Etwa zur selben Zeit sprach Bundespräsident Weizsäcker vom 8. Mai als Tag der Befreiung.
Nein, die Deutschen sind nicht befreit worden. Wer das glaubt oder behauptet, belügt sich selbst. Befreit wurden nur die wenigen jüdischen Überlebenden in den Lagern, befreit wurden Kommunisten und Sozialdemokraten in den Zuchthäusern, Roma und Sinti, sowjetische und andere Kriegsgefangene. Die Deutschen aber mussten erobert werden. Das und manches andere haben sie den Eroberern nie verziehen.

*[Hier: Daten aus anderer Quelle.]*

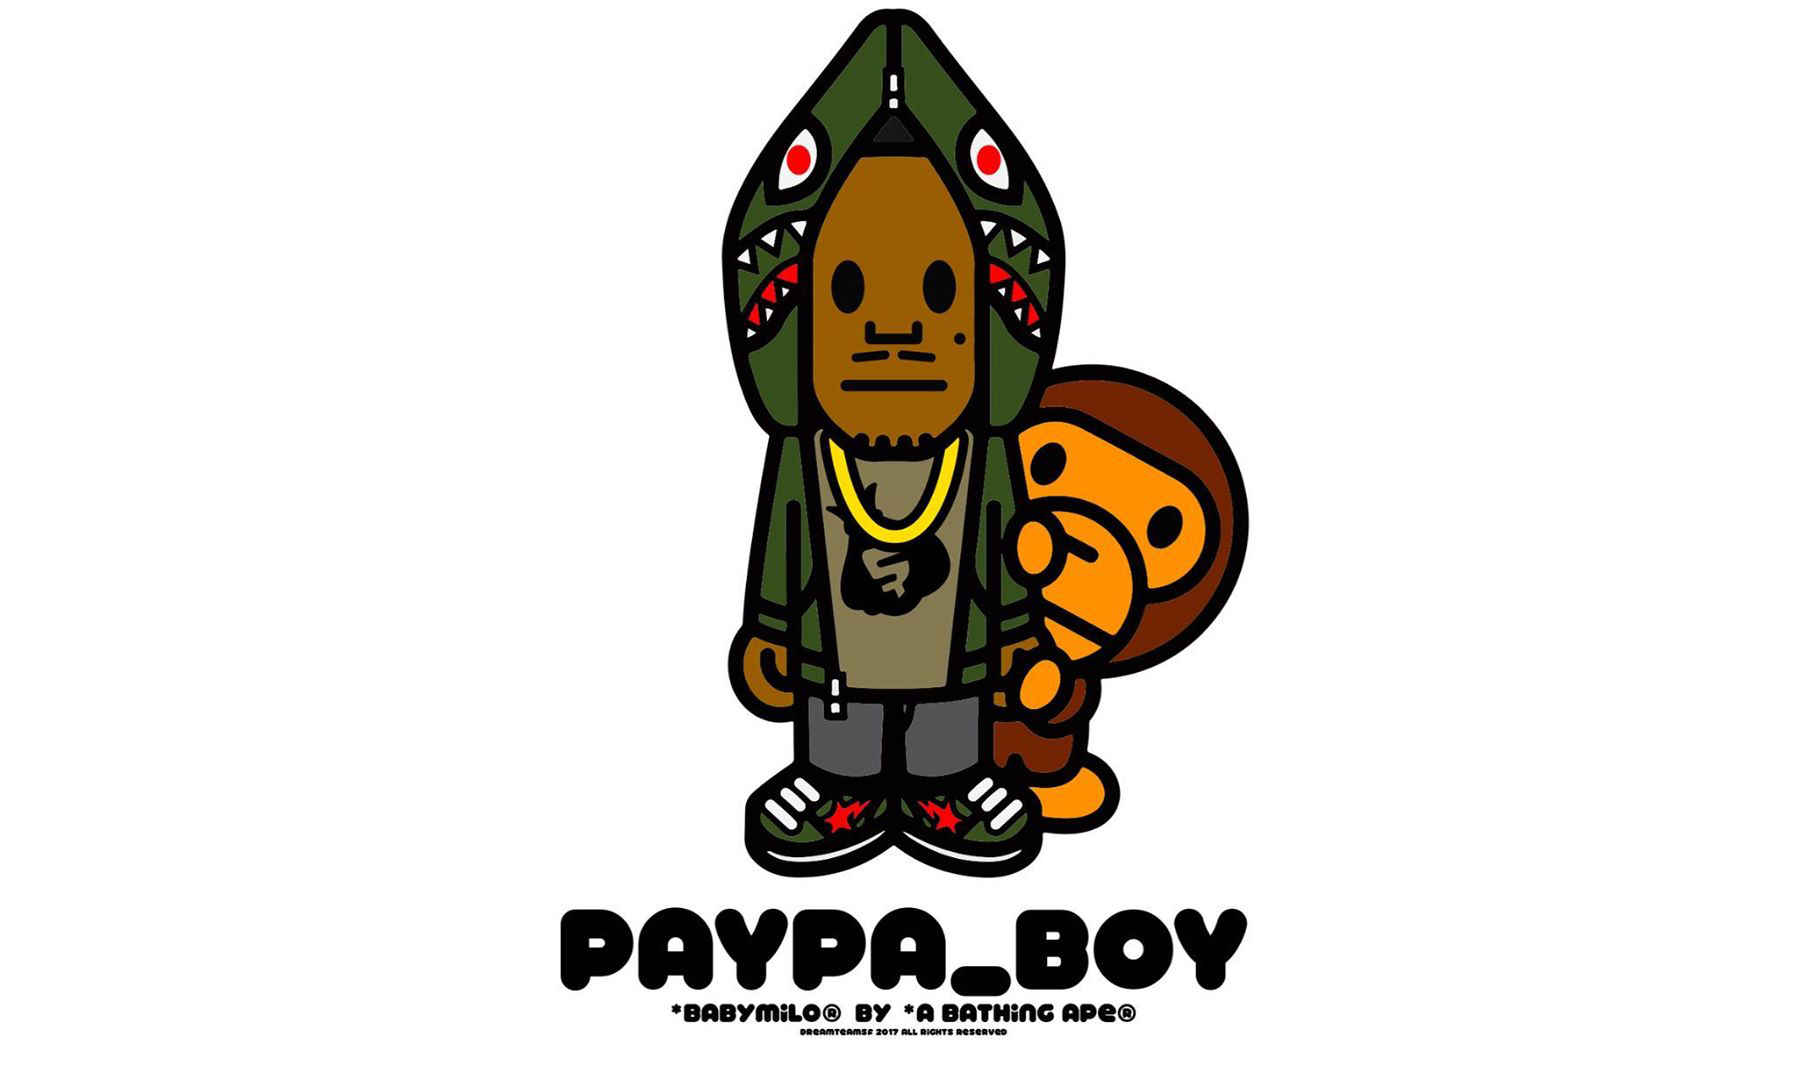 网络红人 Paypa_Boy 要与 BAPE® 官方推出合作了？

Man kann die Zukunft nicht gewinnen, wenn man sie auf einer Selbsttäuschung errichtet. „Ihr habt ein großes, schönes Haus gebaut“, sagte kürzlich meine aus Kenia stammende Frau, „Aber Ihr habt das Fundament vergessen!“
Ihre flüchtig hingeworfene Bemerkung erschien mir wie eine Schrift, ein zwingendes Gleichnis, auf das ich lange gewartet hatte.
Unser Haus würde – das wusste ich jetzt – einen Sturm nicht überstehen.
Wir aber leben in stürmischer Zeit.
Andrej Hermlin (* 21. September 1965 in Berlin) ist ein Pianist und Bandleader.